Delany: "I was never a champions-only advocate. Commissioner Kramer was. Commissioner Delany wasn't." Advocated hybrid first. #bcsmeetings

— Rittenberg/Bennett (@ESPN_BigTen) June 20, 2012"

As for what role polls and scheduling should play in the decision-making, here's more from Delany in this video from ESPN.com (sorry, no embedding). Essentially, it's that preseason polls have no place in the process, while schedules should be considered.

Is this sensible? Yes, definitely.

Rigid postseason guidelines that supersede rankings are a net negative for college football; heck, they're precisely what knocked the BCS out of public favor in the first place. People don't want to see highly-ranked teams get passed up for mediocre champions.

Moreover, as it stands right now, nothing matters more in college football than the record—the record, the record, the record. Granted, that goes hand-in-hand with the "every game matters" and "the most important regular season in sports" concepts that typify college football.

But that mindset leads to non-conference cupcake schedules, with rivalry games as decorative sprinkles. We don't really want a championship contender that played four Northwest Butt States to start the year. then took advantage of a top-heavy (if not outright weak) conference schedule, do we?

Put it all together: extra consideration for conference champions in a tie-breaker, incorporating schedule strength, eschewing preseason rankings as a data point and emphasizing entire season resumes instead of preseason strength. Doesn't that sound an awful lot like what the NCAA Tournament committee does for basketball every year?

After all, there aren't ties when it comes to teams that are Nos. 3-6 in college football. Not with thousands of poll points and multiple polls in play. So the only way to determine that those teams are "bunched together" is if a voter or committee member or other human entity of whatever designation decides they're bunched together. It's all terribly subjective.

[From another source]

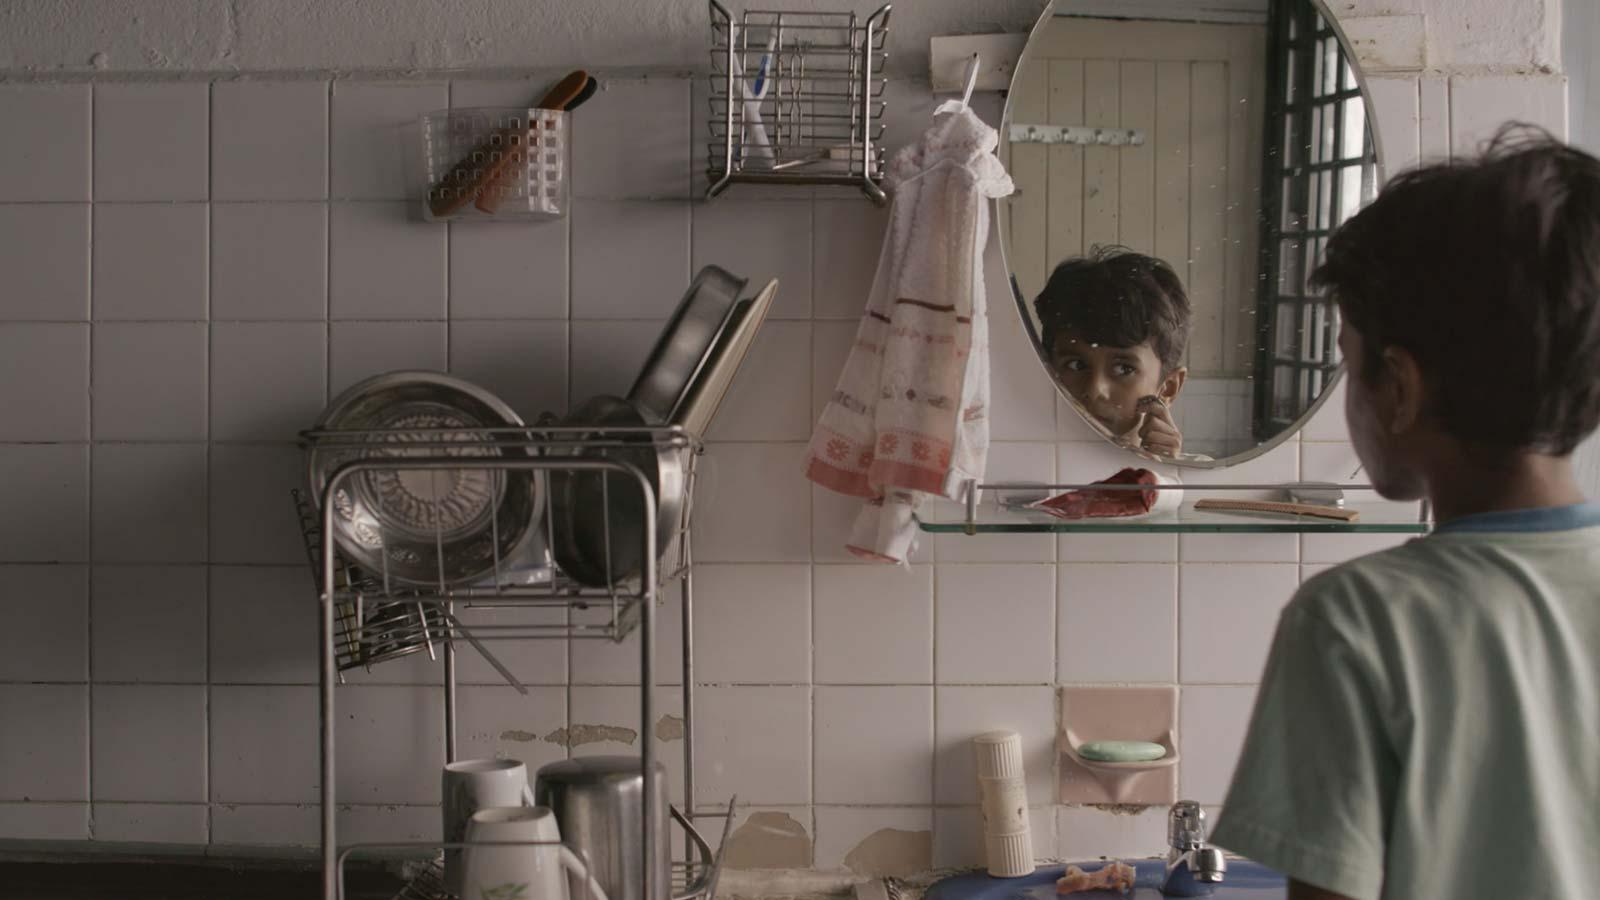 Tamil short film The Smell of Coffee by Nishok Nishok premiered at the International Short Film Festival Oberhausen. Photo courtesy: SGIFF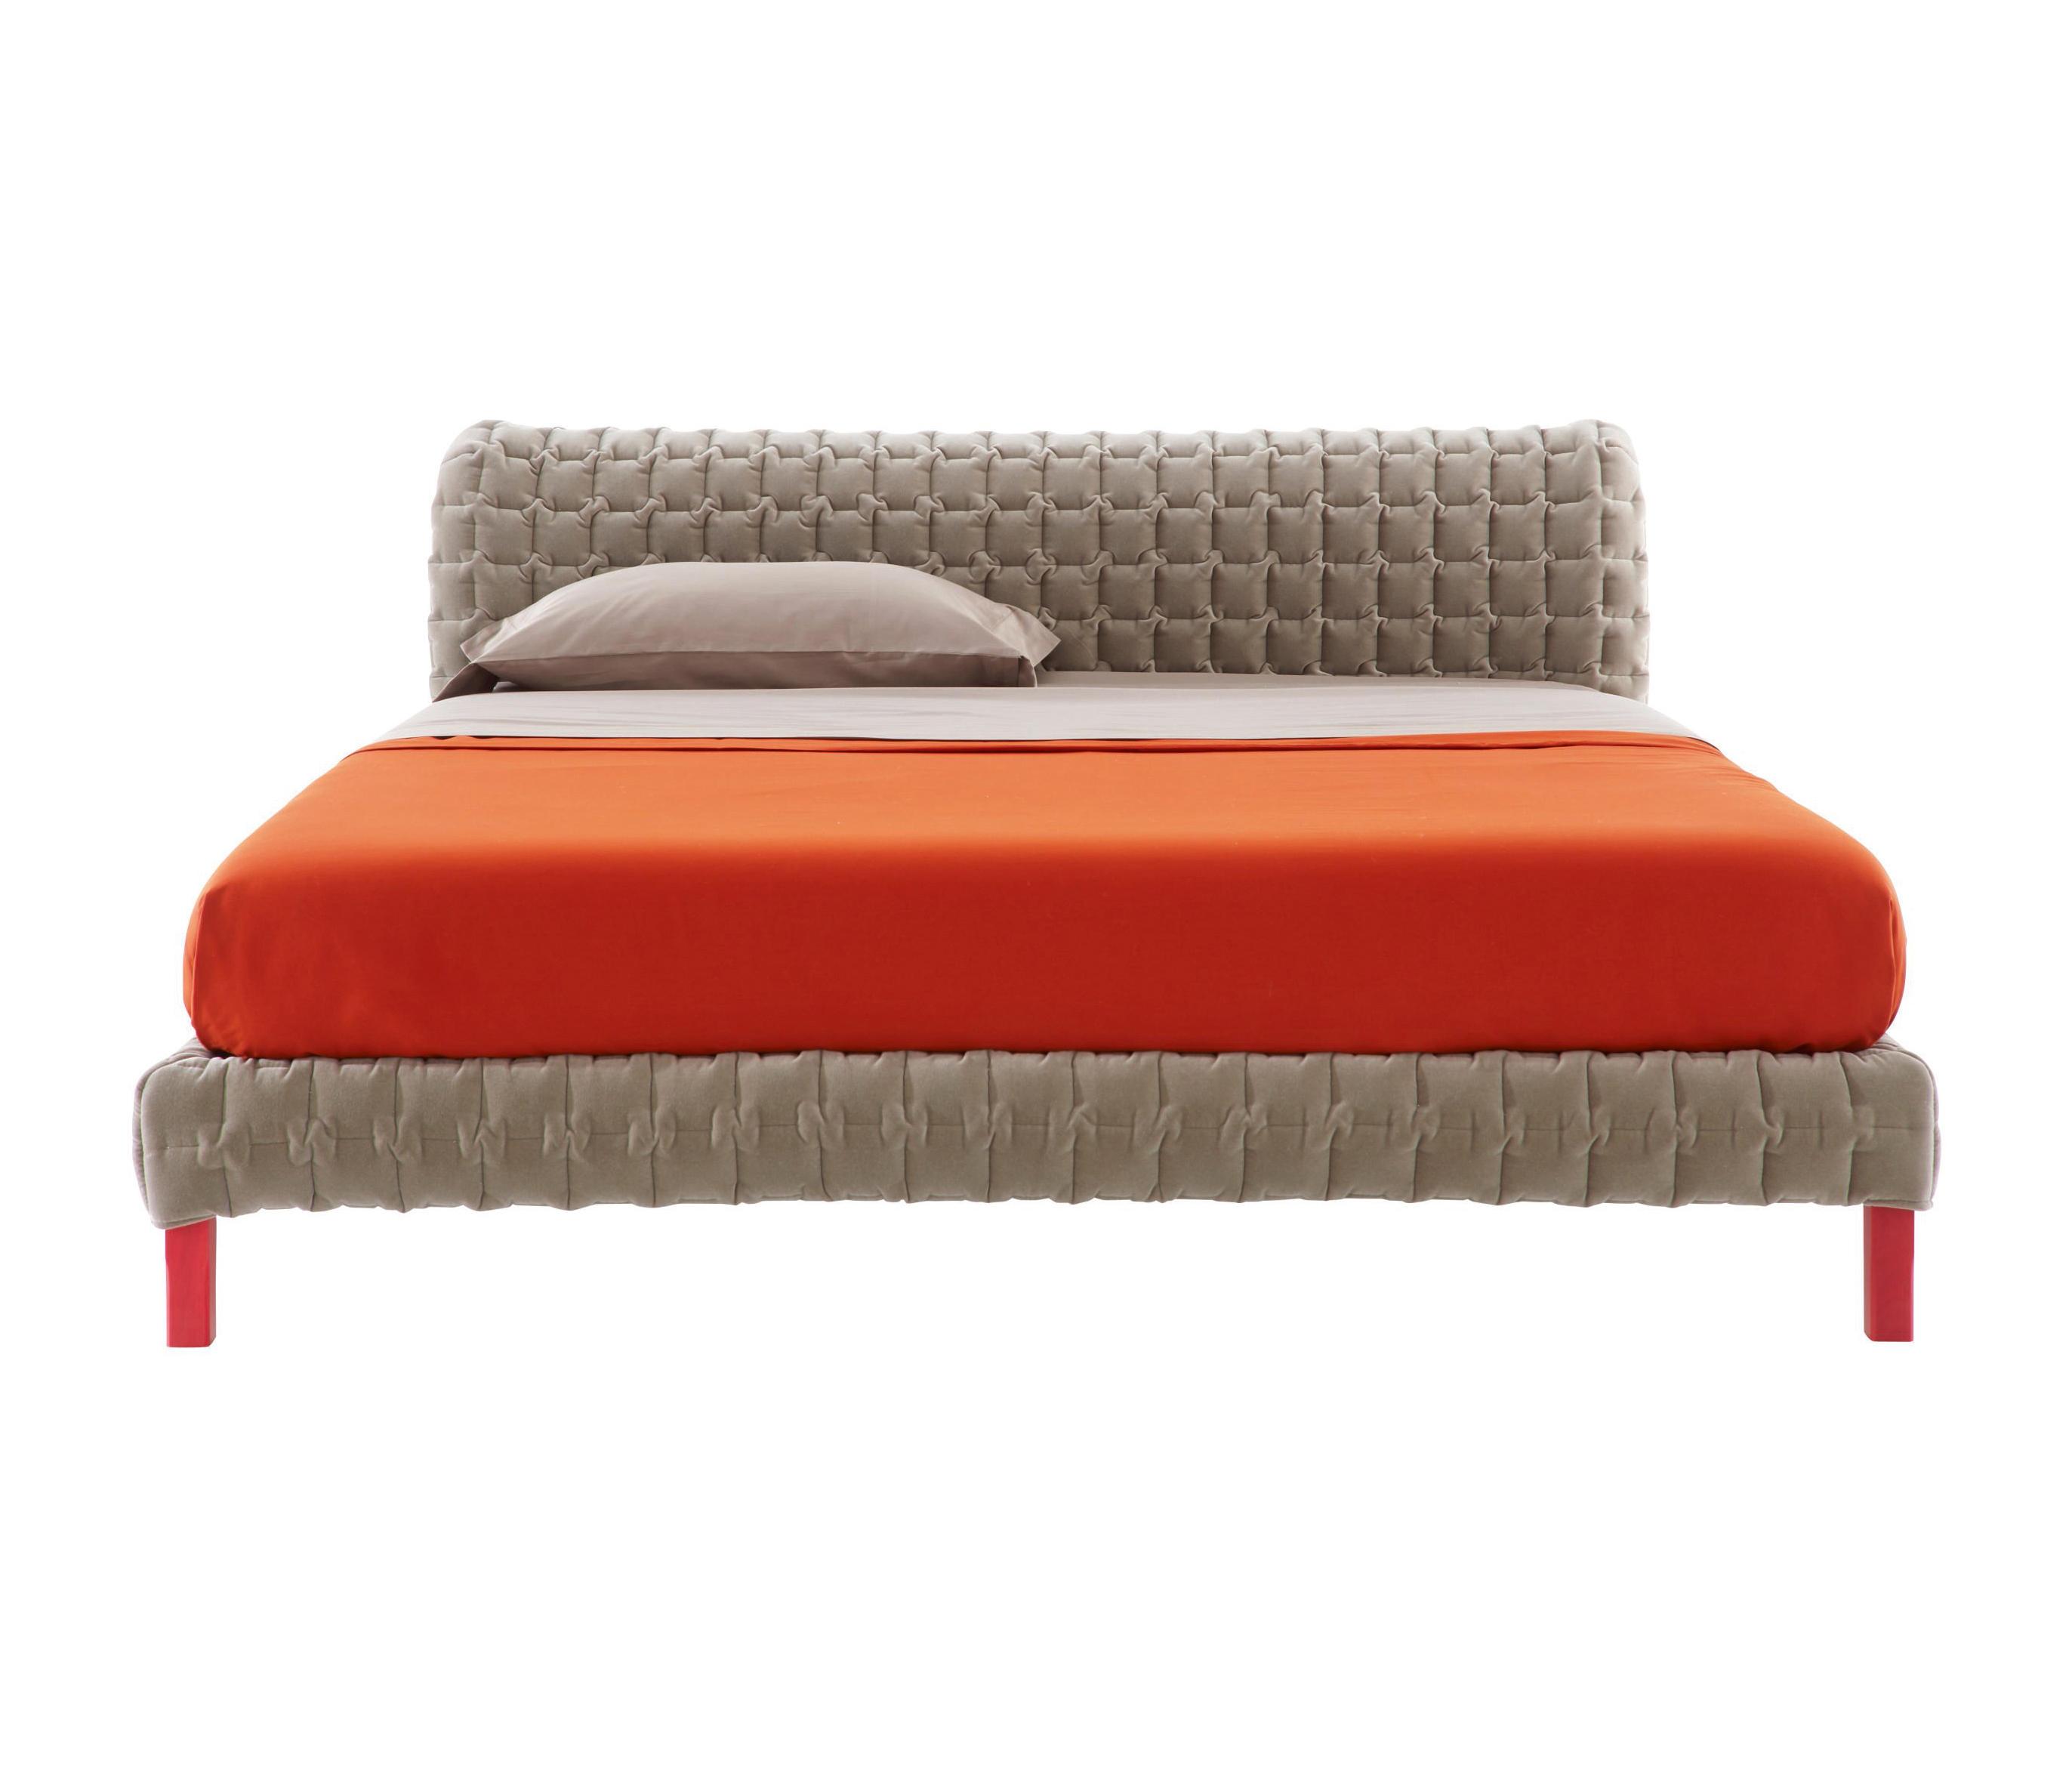 kopfteil bett 200 excellent bett ohne kopfteil x singulr betten ohne kopfteil bett ohne. Black Bedroom Furniture Sets. Home Design Ideas

And you know what? That's fine. We've tried objectifying the process of determining selecting the best teams, and by and large fans aren't satisfied with it. At the end of the day, "best" in a sport with 120 teams and only 12-13 games per team in a season isn't an easily quantifiable notion. It's every bit a matter of perception as anything else.

Delany's comments, then, make it sound like human decision should be part of whatever postseason structure is involved, whether it be a plus-one or a four-team tourney. And he's probably not wrong.